Nowacek’s commentary on transfer is helpful in that it asks instructors to be mindful about how to encourage transfer and to do so explicitly. But explicit cues are only one way of encouraging transfer. Metaphor offers another. We encounter metaphor with the expectation of transfer already inherent in its construction and delivery. We know that some similarity, some overarching principle in one situation will be transferred to another. In a writing course, when I as the instructor introduce a new concept and then start talking about train tracks, students expect the tie back to writing principles. Metaphors inherently prime for transfer.
Using metaphor during instruction also allows the instructor to model the power of reframing an idea, which parallels one of the primary skills that high road transfer hopes to engender. Because metaphor is a reframing agent, it allows us to see concepts, relationships, etc. in new or different ways than we have previously. The objective of high road transfer is similar. Students learn about and/or gain skills in one context, and enacting high road transfer occurs as they reframe their understanding of those skills as flexible and adaptable, instead of rigid and isolated to one scenario.
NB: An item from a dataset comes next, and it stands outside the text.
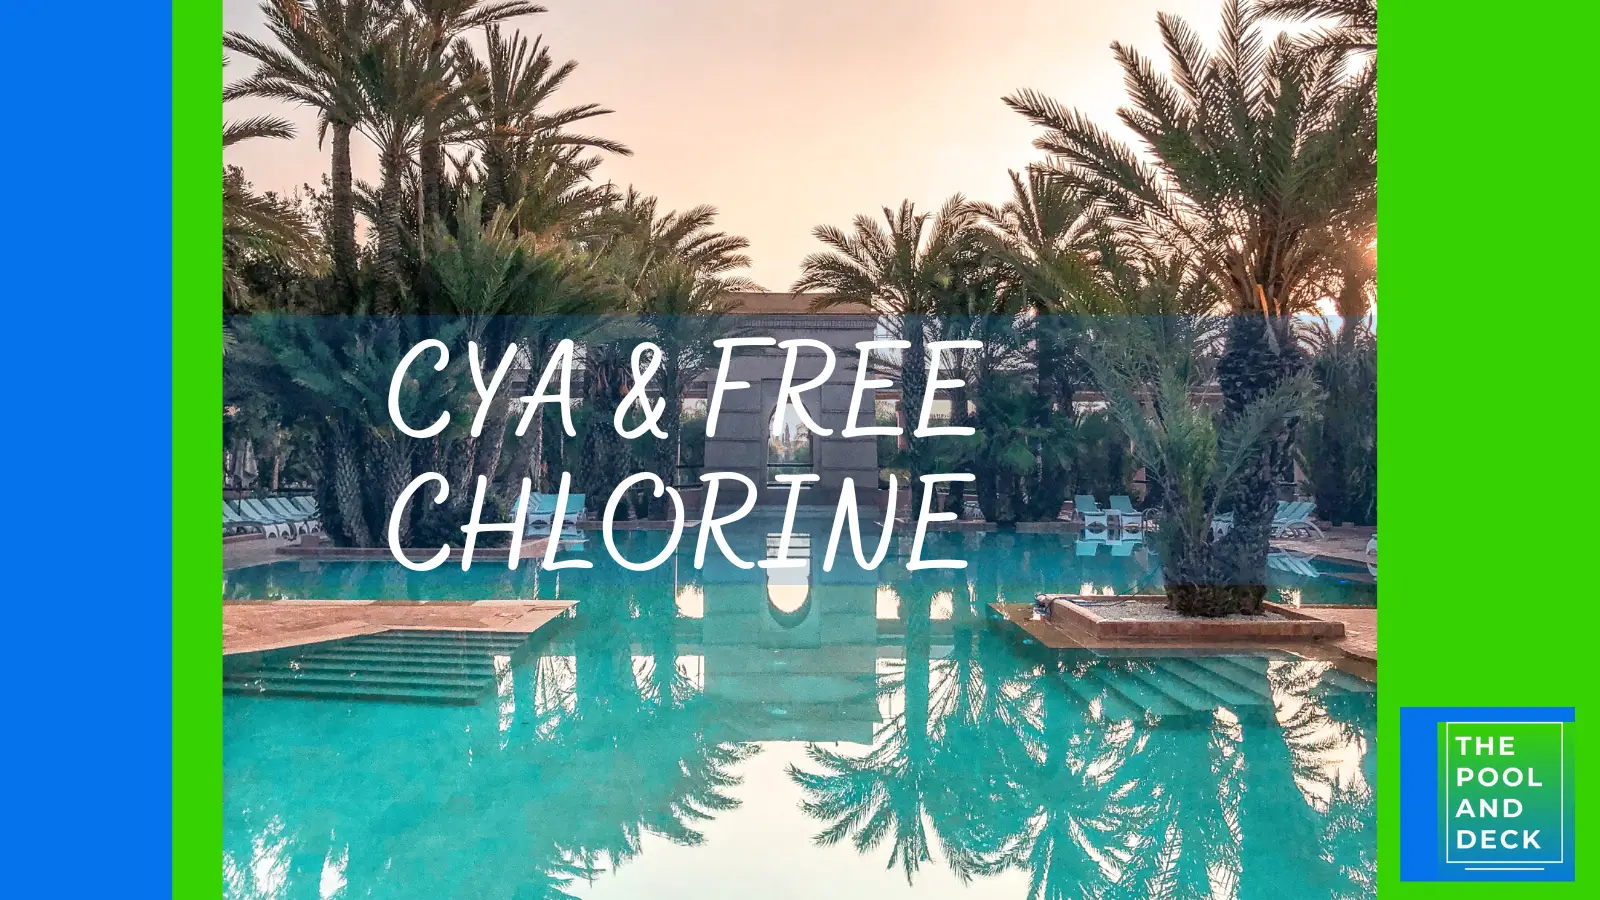 CYA And Free Chlorine: Important Stuff You Need To Know!

In watching an instructor model that flexibility of knowledge through metaphor, students can be encouraged towards high road transfer that asks them to see knowledge as flexible and adaptable as opposed to limited to one scenario.
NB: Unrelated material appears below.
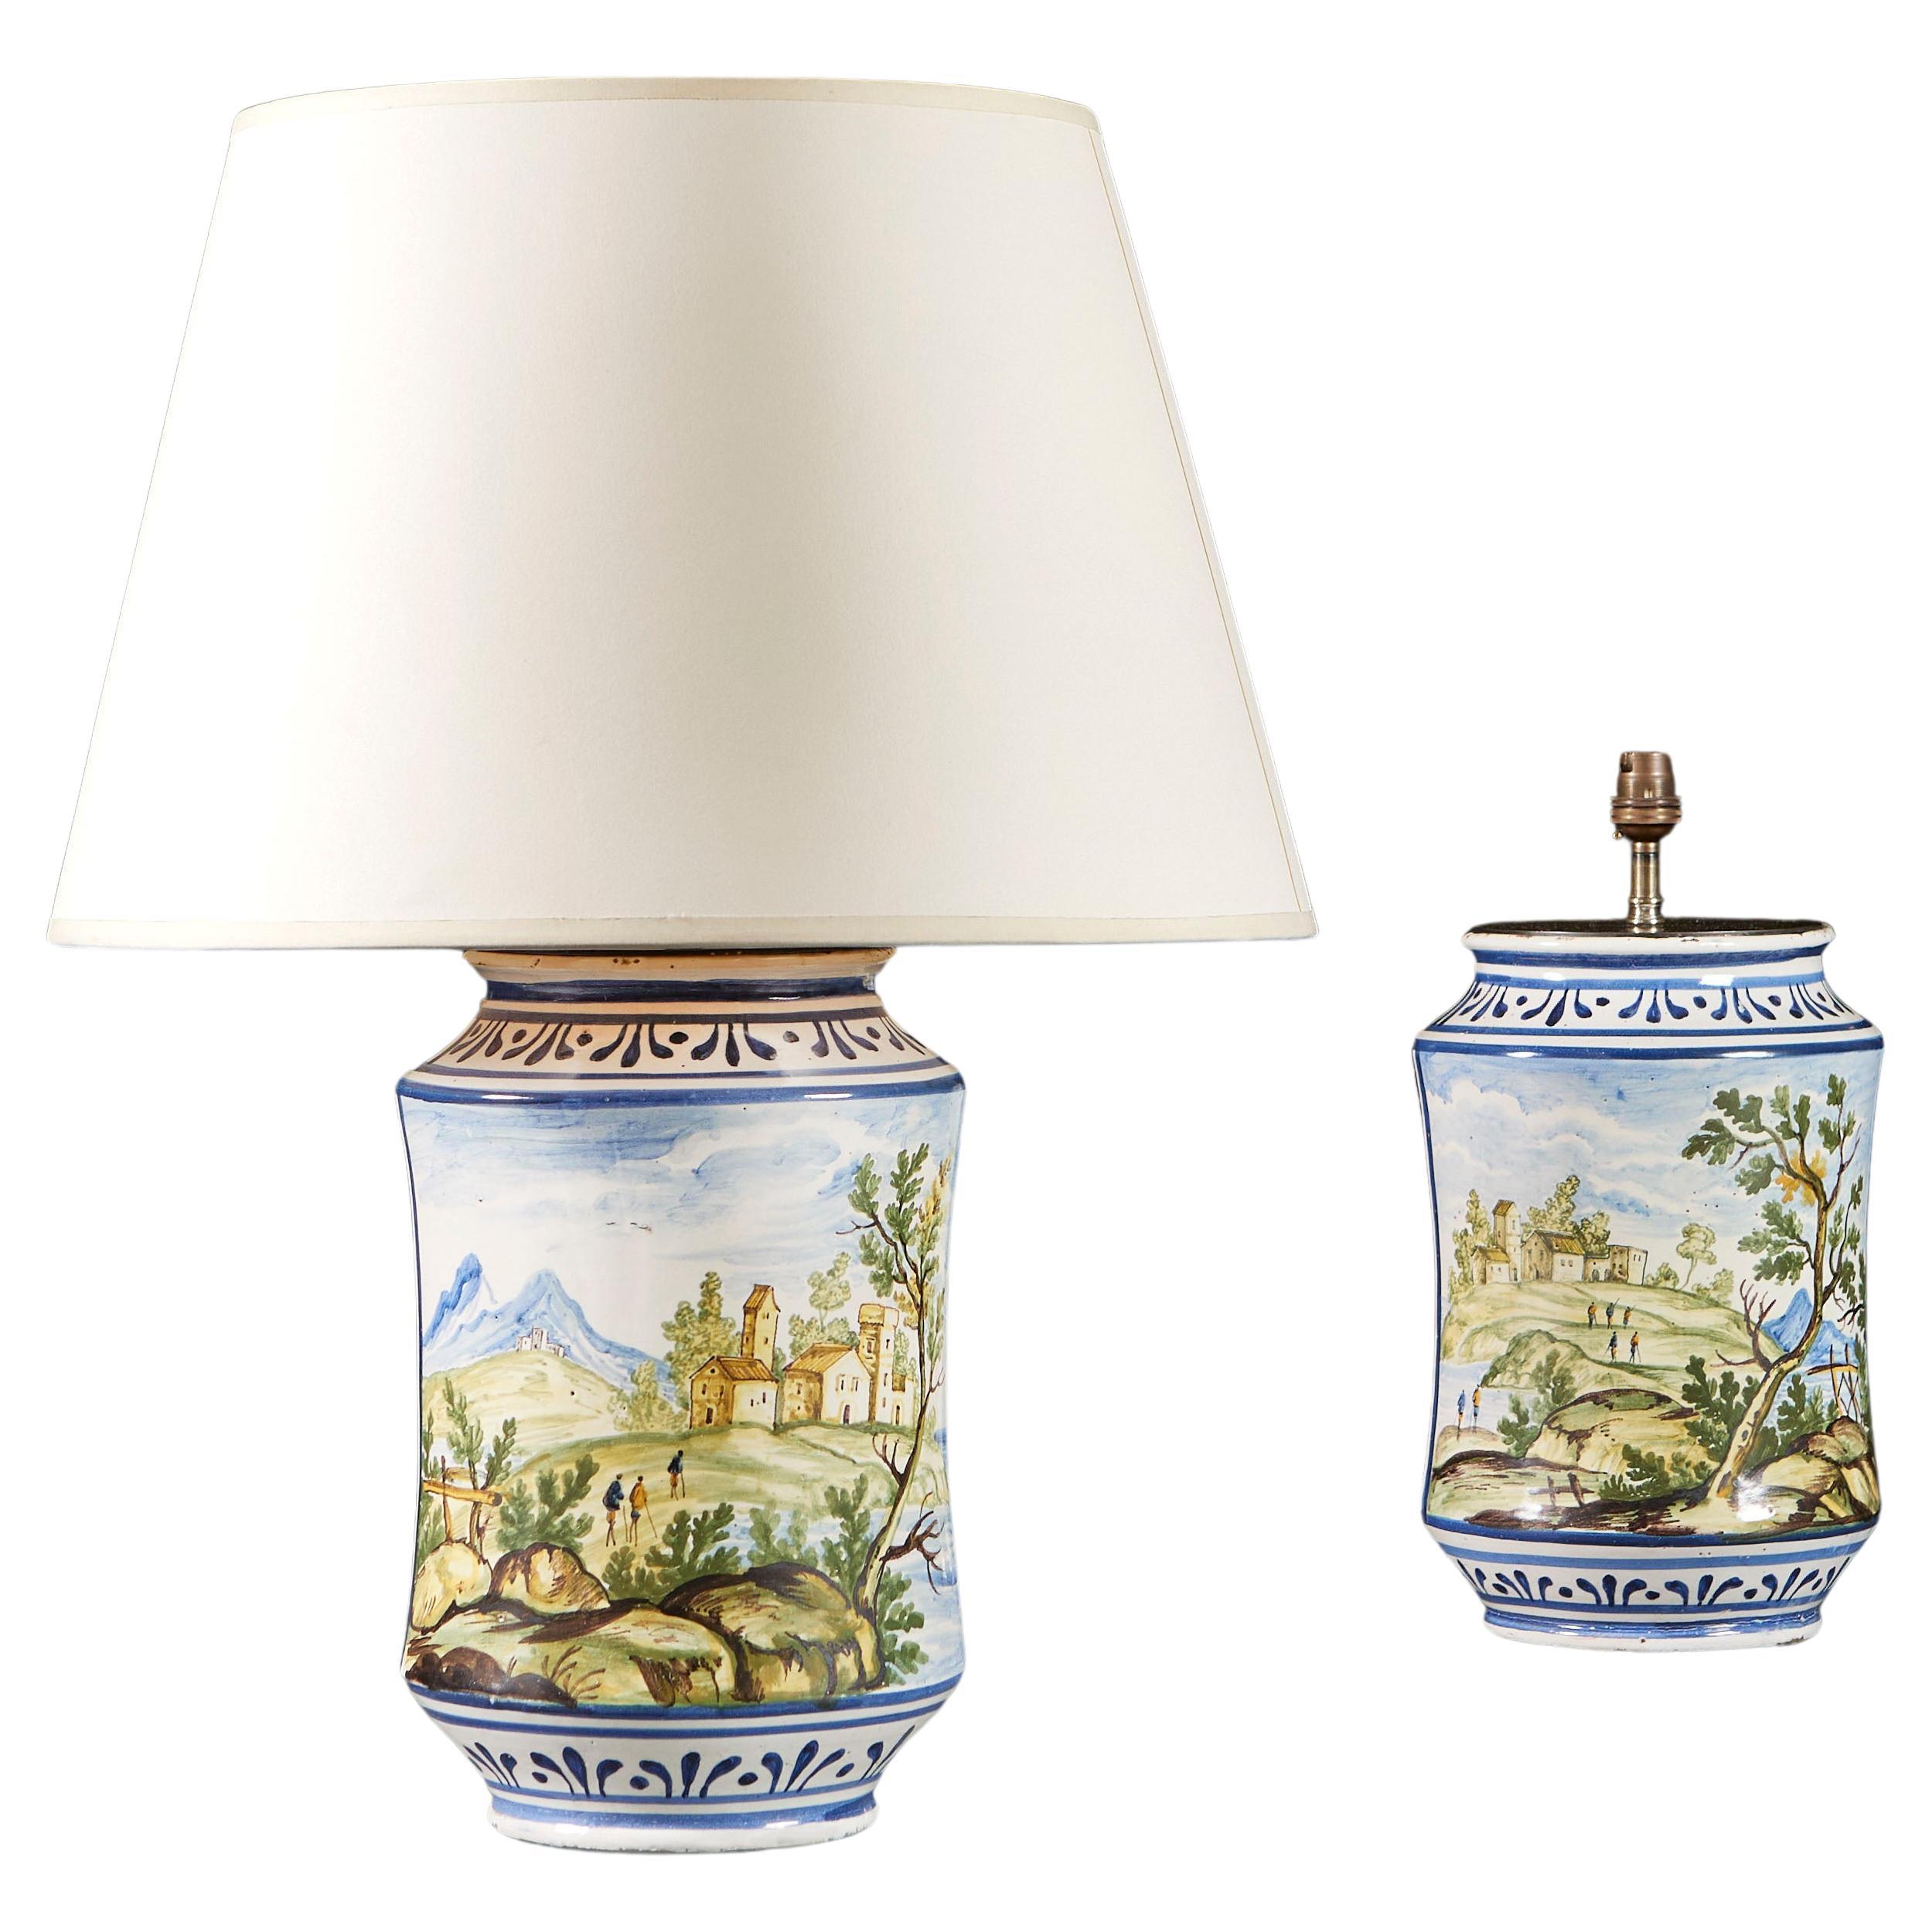 A Large Pair of 19th Century Italian Abarello Vases as Lamps

Using metaphor to close gaps and build community also sheds light on how to engage in high road transfer. As instructors use effective metaphors that draw on past experiences to help students adjust to and understand their new environment, they ask students to enact high road transfer. They ask students to apply previous or familiar knowledge to the new context of the academic sphere. Thus using metaphor to bridge the gap between these two parties not only fosters community but also facilitates further high road transfer practice for students.
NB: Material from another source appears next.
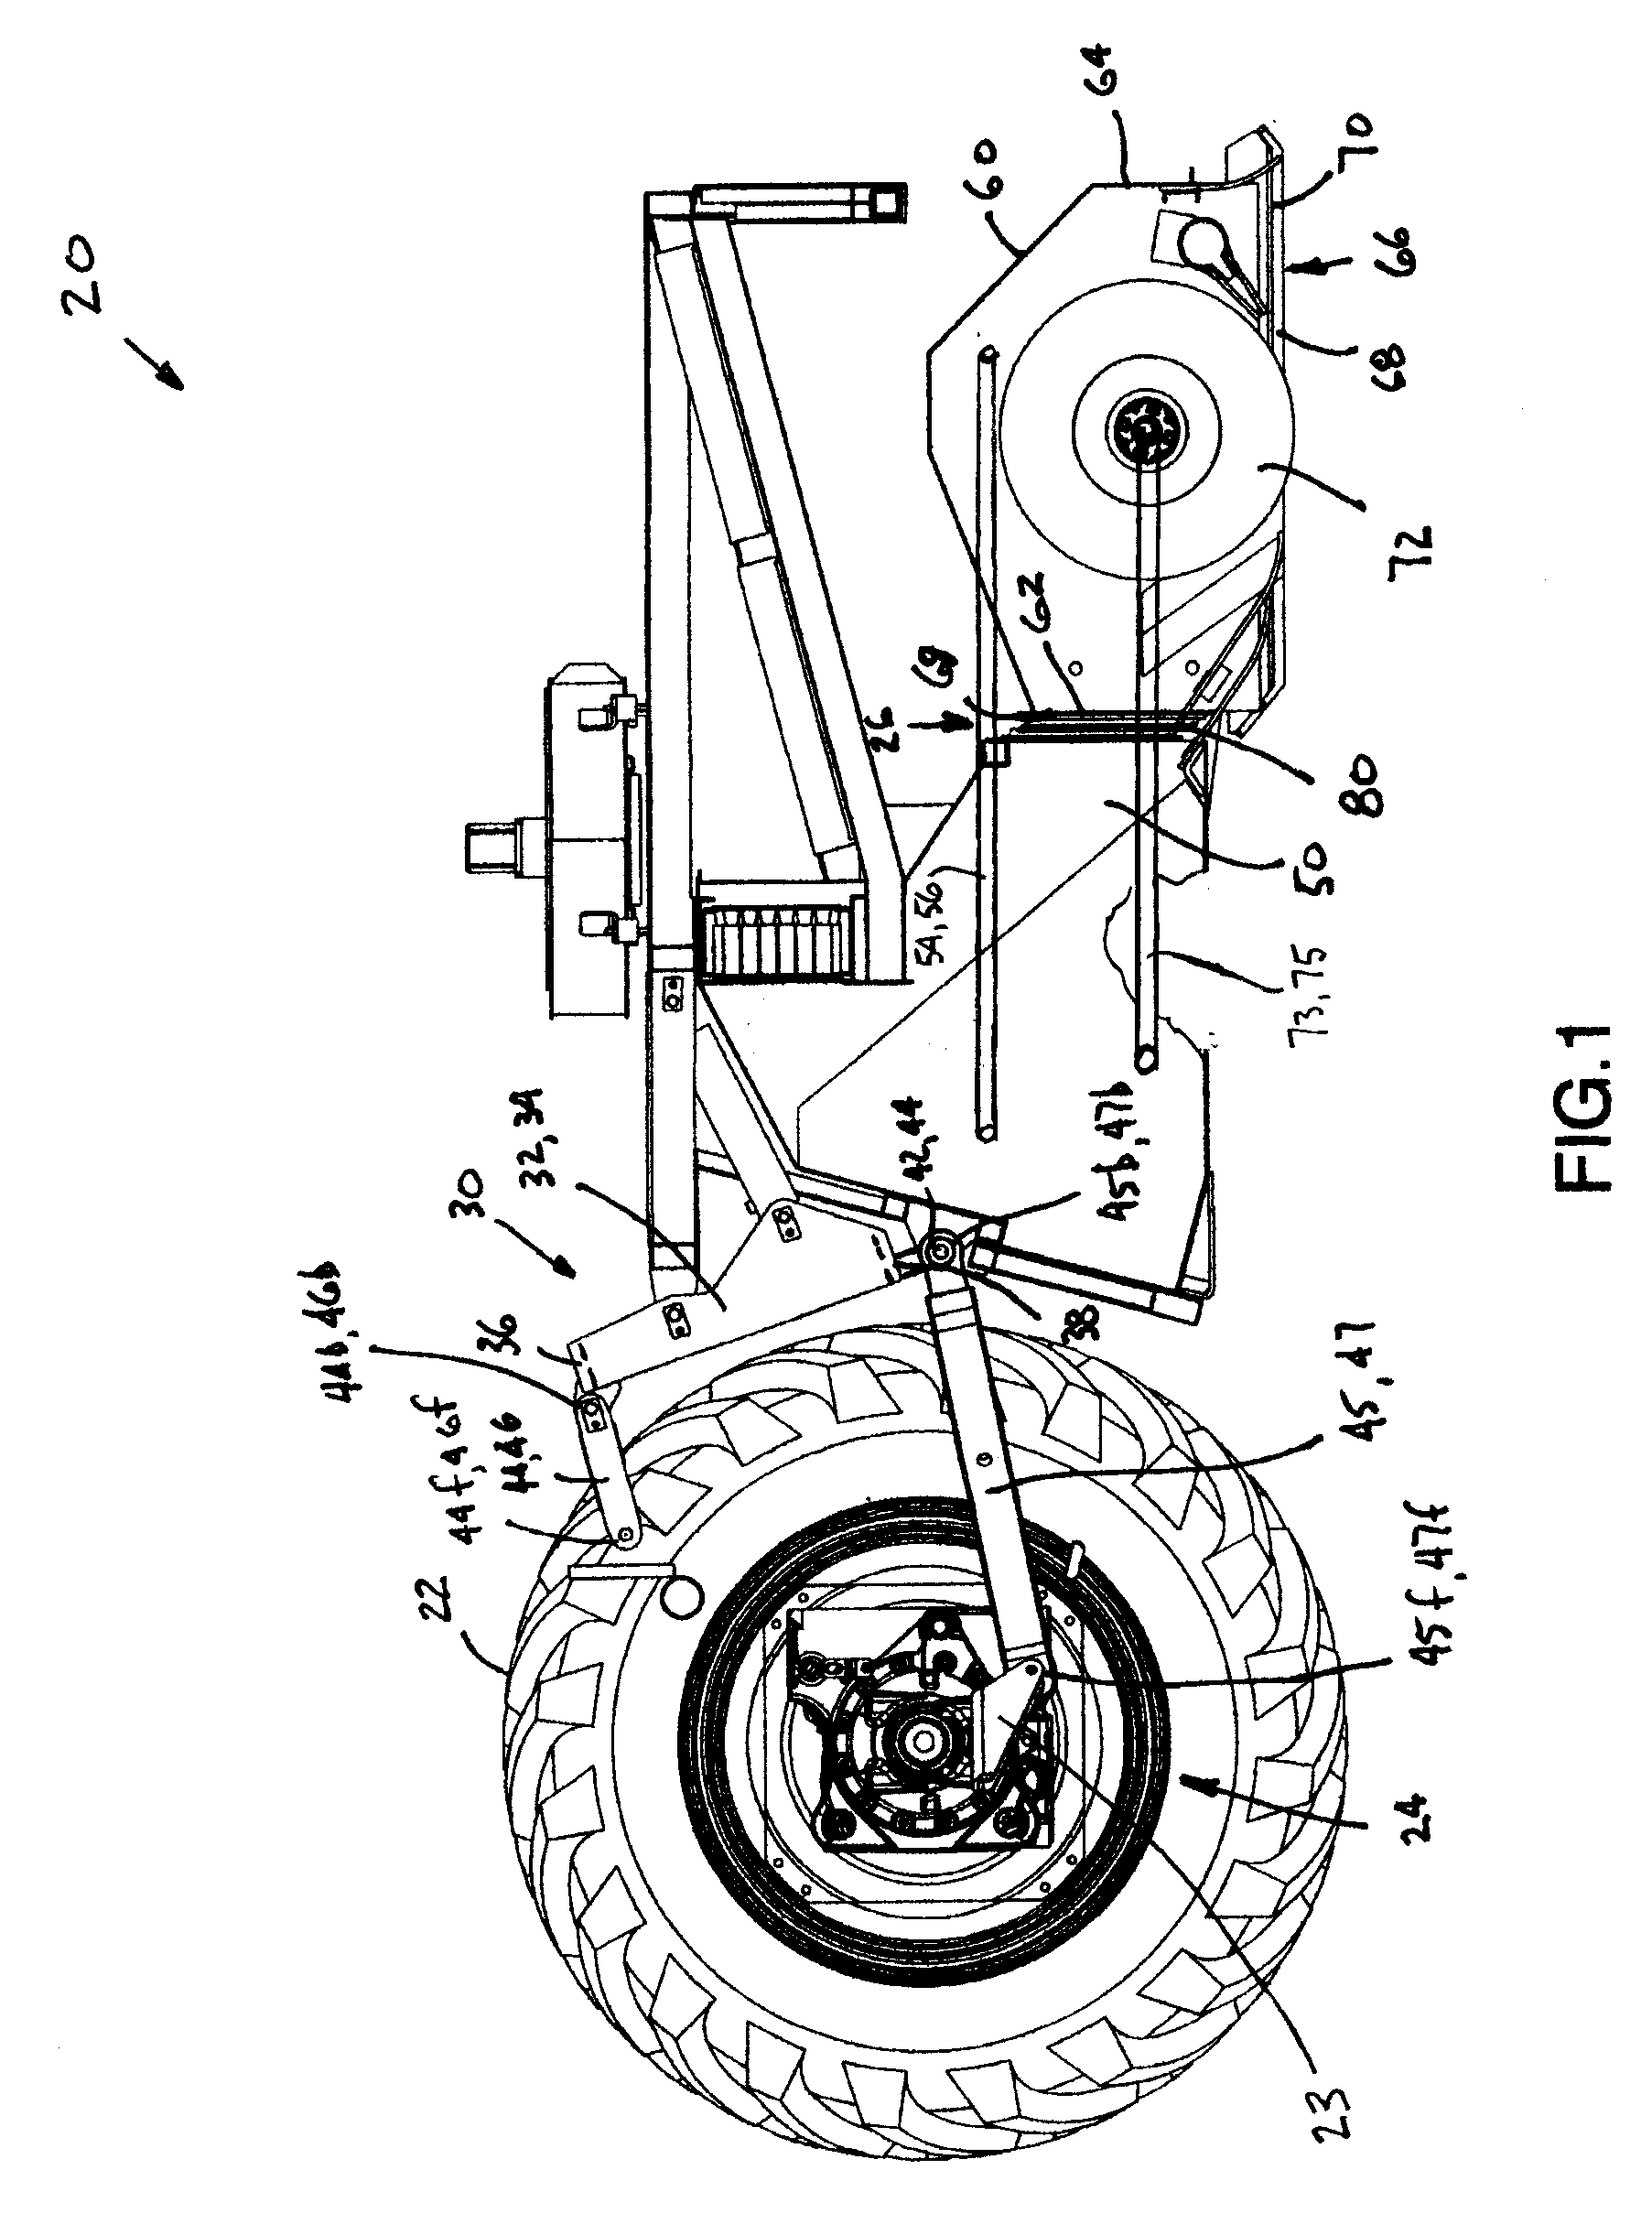 Surface tracking sweeping broom apparatus for use with a vehicle

The sociocultural role of metaphor also aligns with the objective of transfer to empower students to make their learning relevant beyond the classroom. The implications of Mac Cormac’s argument—that metaphors shape culture—are precisely what instructors at every level want to see: students taking knowledge beyond class to change their lives and consequently the world around them. If instructors can learn to teach with metaphors, to expose the underlying principles of high road transfer, and facilitate their students’ personal cognitive flexibility, there is every chance that those students will alter the course of culture and feel empowered to address whatever incongruences or unproductive ideas they encounter in their communities.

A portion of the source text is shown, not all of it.